Voor mensen die niet geloven, moet dit feest wel belachelijk zijn. Zij vinden het fijn, dat zij vrij hebben en gezellig bij elkaar kunnen komen. Maar dat iemand zou opstaan uit de dood, nee, misschien dat de wetenschap het ooit nog eens voor elkaar krijgt, maar de verhalen rondom de Persoon van Jezus zijn fabeltjes.
Wij echter weten, dat Jezus zijn openbare leven lang – drie jaar – wonderen heeft gedaan. Daarover is verteld vooral door de apostelen, die dit getuigenis met de dood hebben moeten bekopen. Zij hadden er geen enkele aardse macht of rijkdom mee te winnen, zij hebben er ‘alleen maar’ een goede plaats in de eeuwigheid mee gewonnen. Het grootste wonder trouwens wat Jezus heeft gedaan, was dat Hij uit de dood opstond.
Laten wij dat wonder altijd voor ogen houden. Als wij voor een groot probleem staan, een ruzie of een grote klus waar wij erg tegen opzien, denken wij dan aan de verrijzeniskracht van Jezus. Als wij ooit ernstig ziek worden, denken wij er dan aan, dat wij ooit zullen verrijzen. Als wij bang zijn, dat onze tijd om uit deze wereld heen te gaan is aangebroken, denken wij dan aan de verrijzenis.

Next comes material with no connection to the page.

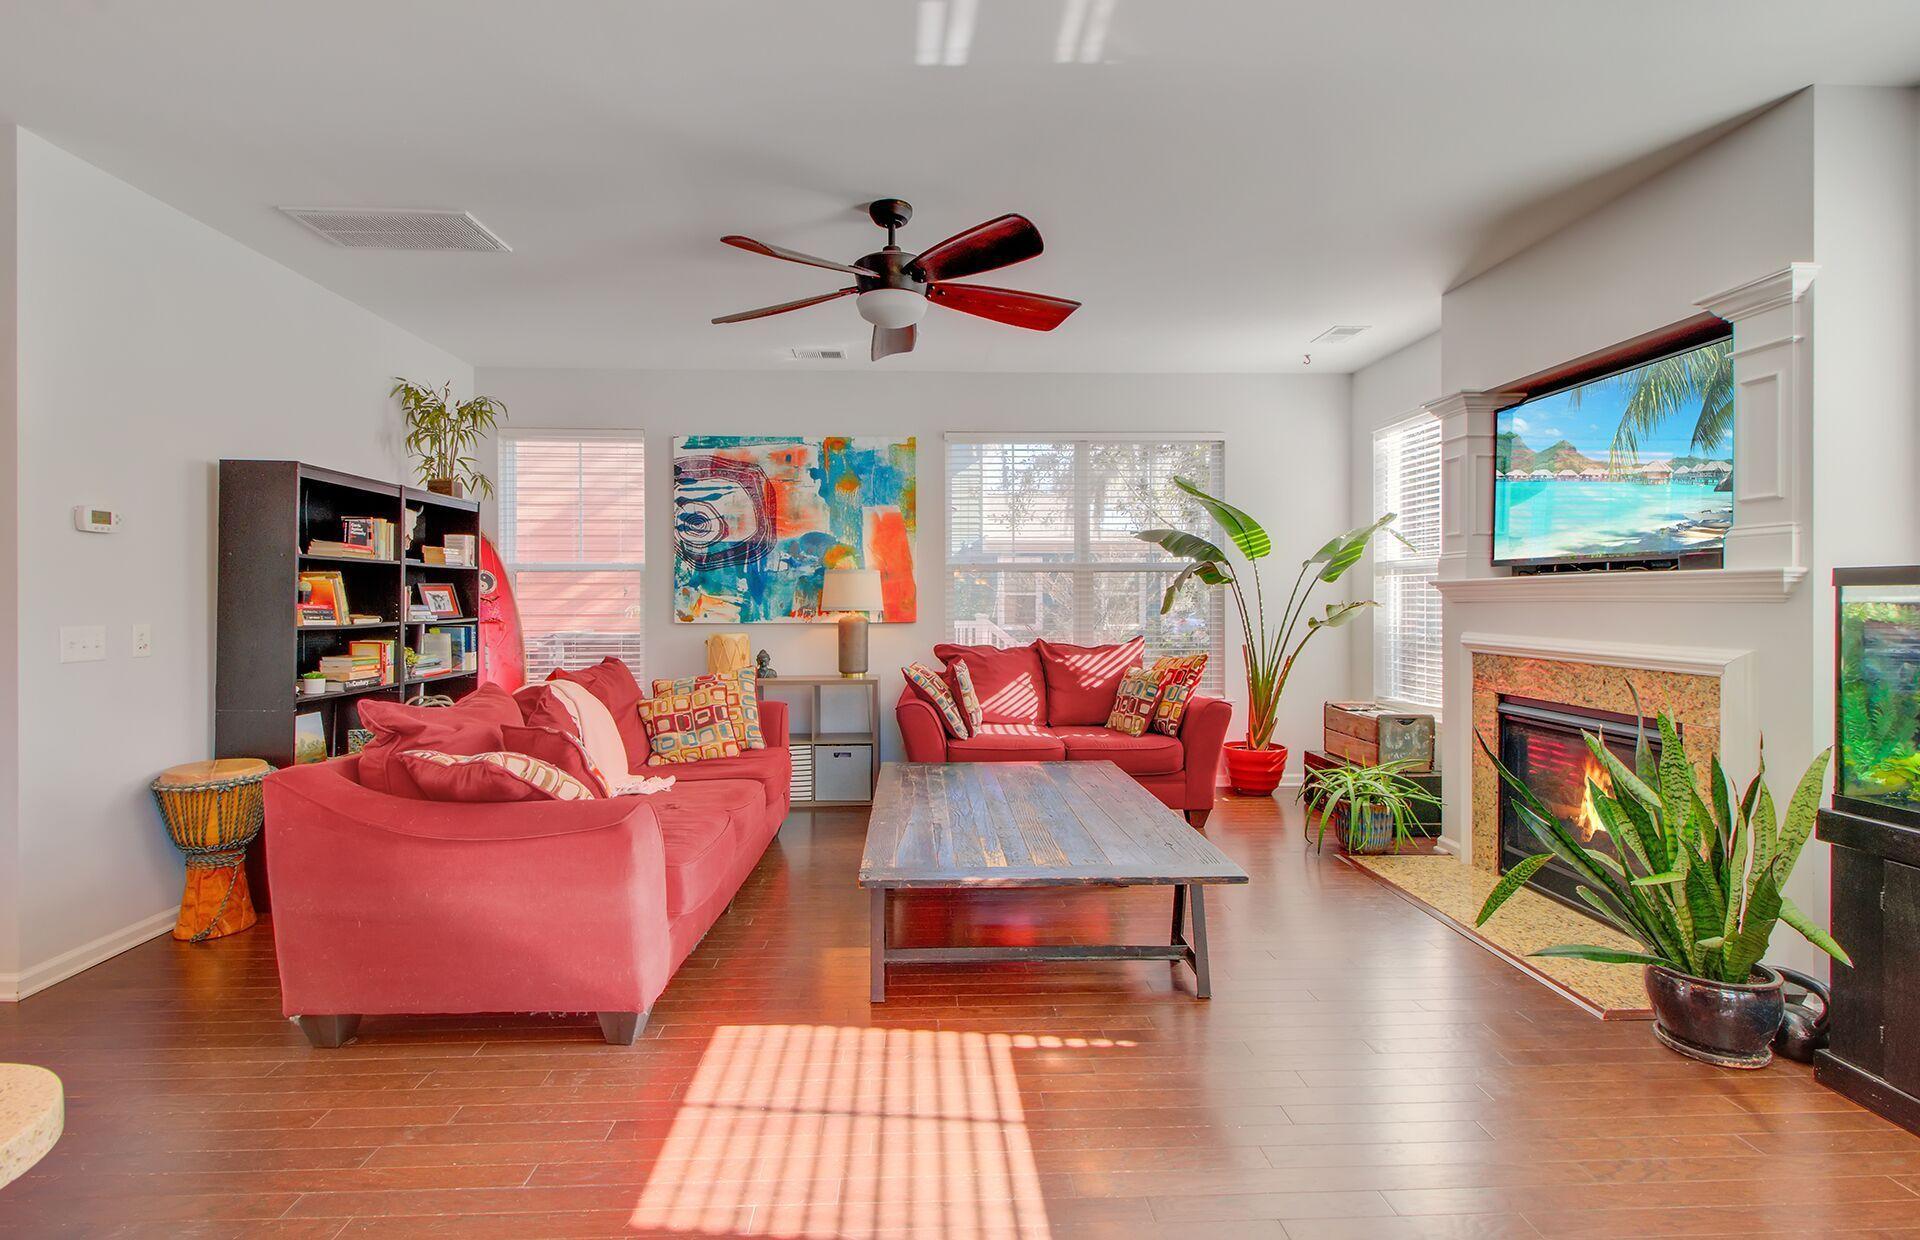 Oak Terrace Preserve Homes For Sale - 4967 Liberty Park, North Charleston, SC - 27

Een christen moet eigenlijk met een zekere regelmaat eraan denken, dat ooit zijn laatste dag op aarde zal aanbreken en dat hij dan zal verrijzen. Dan zijn wij misschien niet zo bang als het eenmaal zo ver is gekomen. Dan hebben wij altijd een zonnige kijk op het leven en leven wij vanuit de belofte, die God ons heeft gedaan.
Na de pauselijke zegen ‘Urbi et Orbi’ verklaarde priester Antoine Bodar zelfs, dat wij iedere dag zouden moeten leven alsof het onze laatste dag op aarde zou zijn, onze laatste kans om iets voor de hemel te ‘verdienen.’
Volgen wij Jezus op zijn levensweg: de weg van lijden en dood én verrijzenis.
preek
Stel dat een groepje jongeren een of ander feest organiseert en er waren uiteindelijk 50 jongeren op afgekomen, het was een groot succes, maar je hoort op een bepaald moment de roddelpraatjes zeggen, dat het een afgang was: er waren maar 7 mensen gekomen, dan is het niet zo gek, dat je je boos voelt worden.
Ik heb het in een andere parochie meegemaakt, dat in een krantenartikel onze kerstviering werd beschreven. Volgens de journalist zaten er iets meer dan 80 mensen in de kerk, maar in werkelijkheid waren het er een paar honderd. Dan ben je verbaasd, boos, dat mensen zó lelijk kunnen doen.
Iets dergelijks gebeurt in het evangelie van vandaag. Het mooiste wat er in de wereldgeschiedenis kan gebeuren, is gebeurd: Iemand staat op uit de dood en die persoon heeft ook nog eens gezegd, dat als jij in Hem gelooft, jijzelf ook zult opstaan uit de dood. Prachtig! Maar de soldaten, die bij het graf de wacht hielden, vertellen in opdracht van de joodse leiders een heel ander verhaal. Zij zouden in slaap zijn gevallen en toen zouden de apostelen zijn gekomen om het lichaam van hun overleden Meester te stelen. En dan eindigt het evangelie met de zin: “Dit verhaal is onder de joden verder verteld tot op de dag van vandaag”. En dat is ook zo. De joden geloven niet, dat Jezus uit de dood is opgestaan.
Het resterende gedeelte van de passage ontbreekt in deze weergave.